Florida District Courts of Appeal, 2012

Peterson v. State

Peterson v. State
Florida District Courts of Appeal · Decided May 25, 2012 · Cohen, Griffin, Jacobus
88 So. 3d 1035; 2012 WL 1886012; 2012 Fla. App. LEXIS 8441 (Southern Reporter, Third Series)

Peterson v. State

Opinion of the Court

PER CURIAM.

James Peterson appeals the lower court’s order dismissing his rule 3.850 motion as untimely. We reverse because Peterson’s motion was directed to his resen-tencing and was filed within two years of his sentence becoming final.1 Thus, it was timely. See Fla. R.Crim. P. 3.850(b). On remand, the lower court is instructed to consider Peterson’s motion on the merits.

REVERSED and REMANDED.

GRIFFIN and JACOBUS, JJ., concur. COHEN, J., concurs specially, with opinion.

. After Peterson violated his probation on several occasions, he was resentenced to five years in the Department of Corrections on January 12, 2010. He filed the instant rule 3.850 motion on November 30, 2011.

Concurring Opinion

COHEN, J.,

concurs, and concurs specially.

The trial court’s initial denial of Peterson’s motion for postconviction relief is understandable. The motion appears to challenge the 2004 judgment and sentence and thus would have been time-barred under Florida Rule of Criminal Procedure 3.850.

Following the initial denial, however, Peterson filed a motion for rehearing, explaining his motion was not time-barred because he was actually challenging the 2010 sentence following his admission to a violation of probation.

Many litigants seem to view motions for rehearing as obligatory.

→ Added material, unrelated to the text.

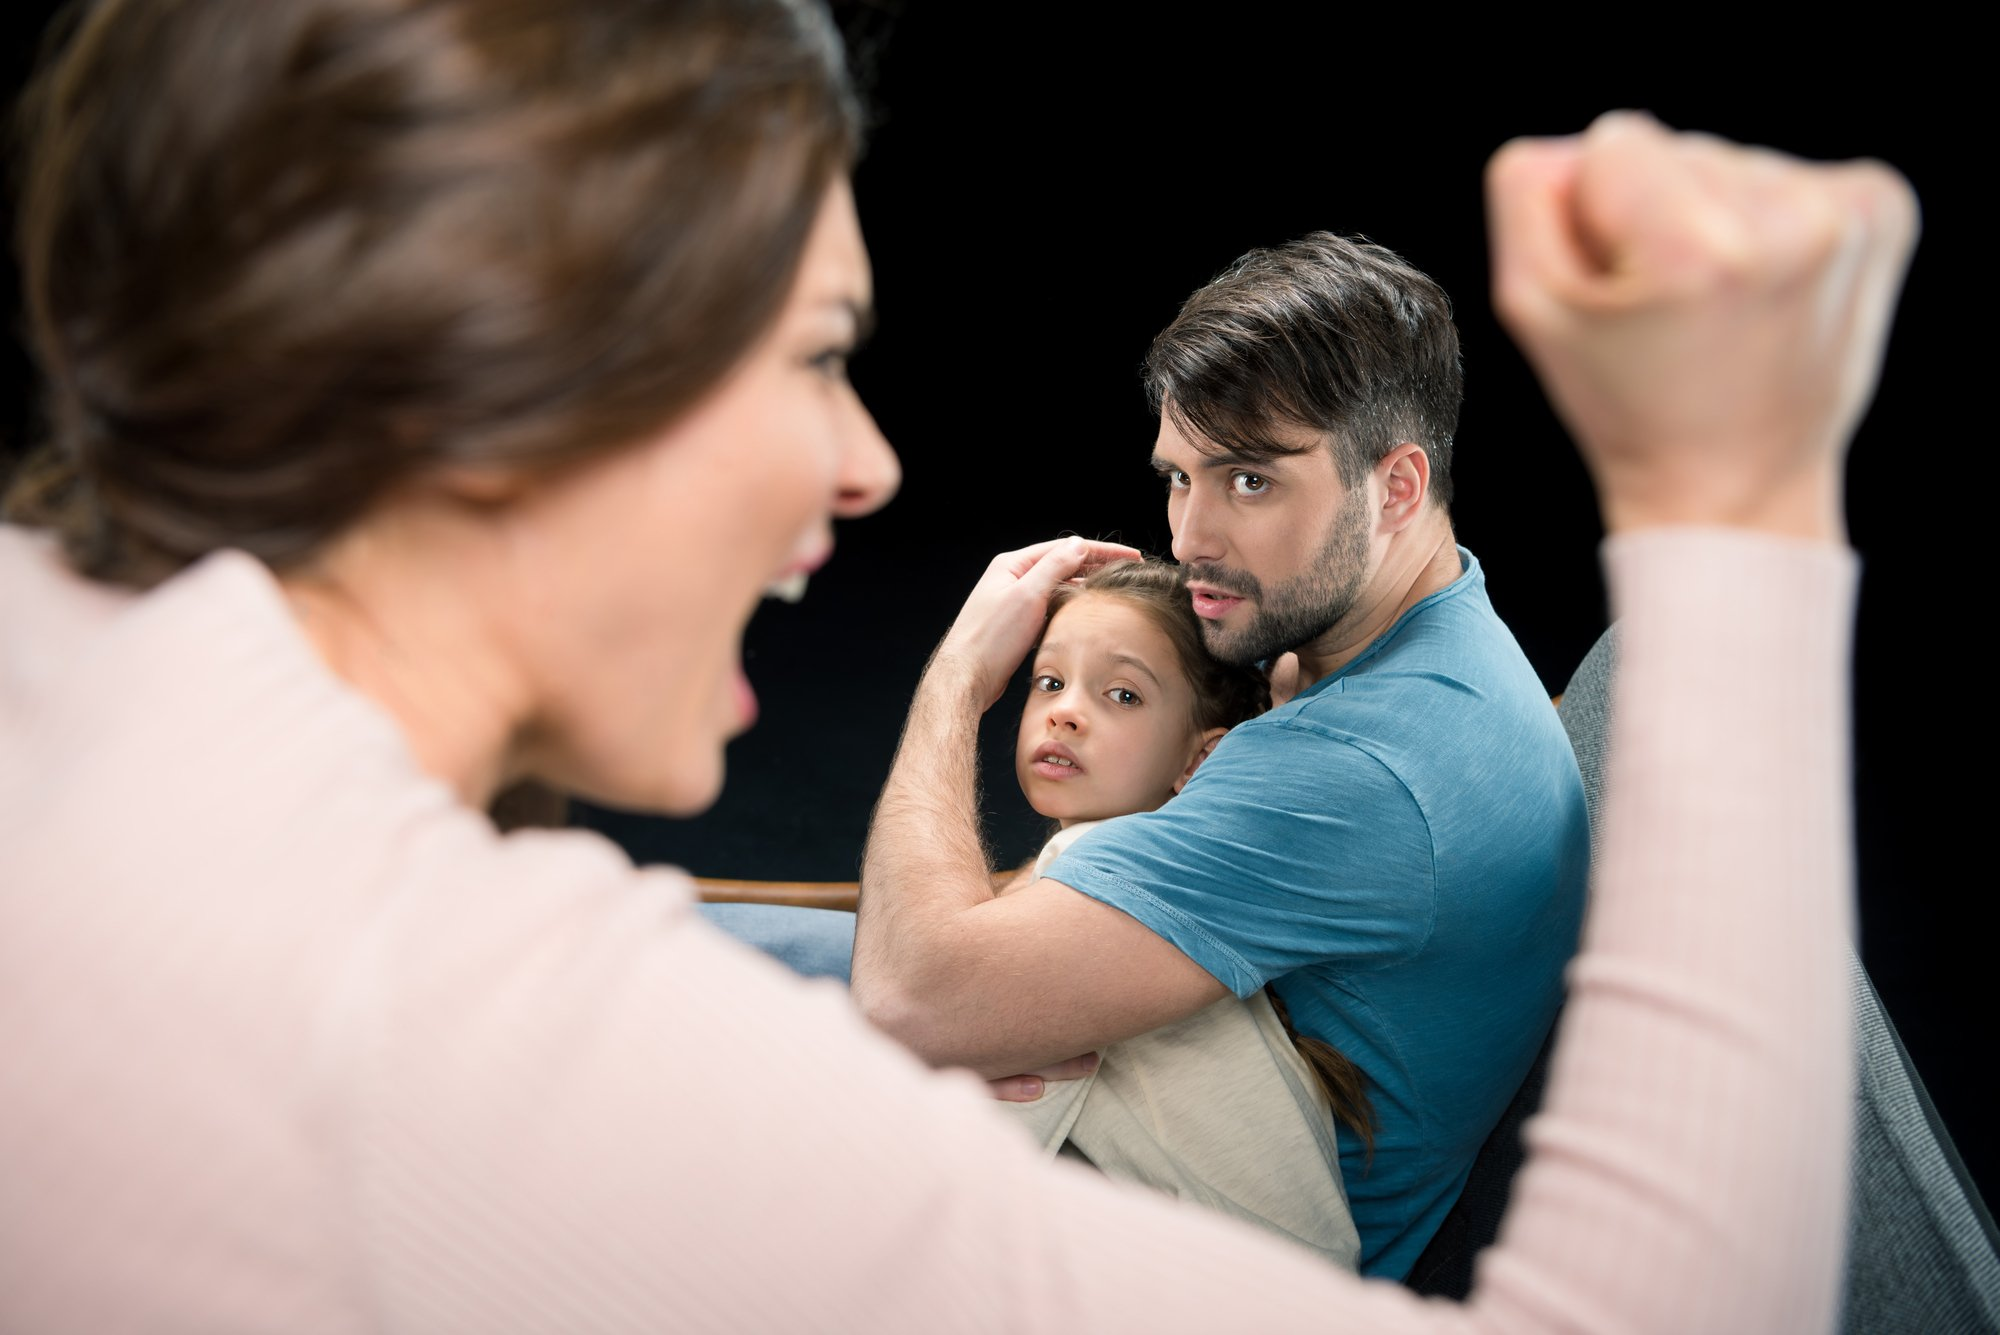 depositphotos 143373835 l 2015.jpg?resize=412,232 - Les victimes de violence conjugale sont aussi des hommes mais très peu osent en parler.

However, Peterson’s case demonstrates why it is important not to simply be dismissive of such motions. His motion for rehearing should have alerted the trial judge to the fact that the motion was not time-barred. What we refer to as resentencing in the majority opinion is simply the sentencing on a violation of probation. The trial judge could have either gone forward with considering the merits of the claim or allowed Peterson to amend under Spera.2 While I would have found no error in the denial of the original motion, once clarified by the mo*1036tion for rehearing, dismissal as time-barred constituted error.

. Spera v. State, 971 So.2d 754 (Fla. 2007).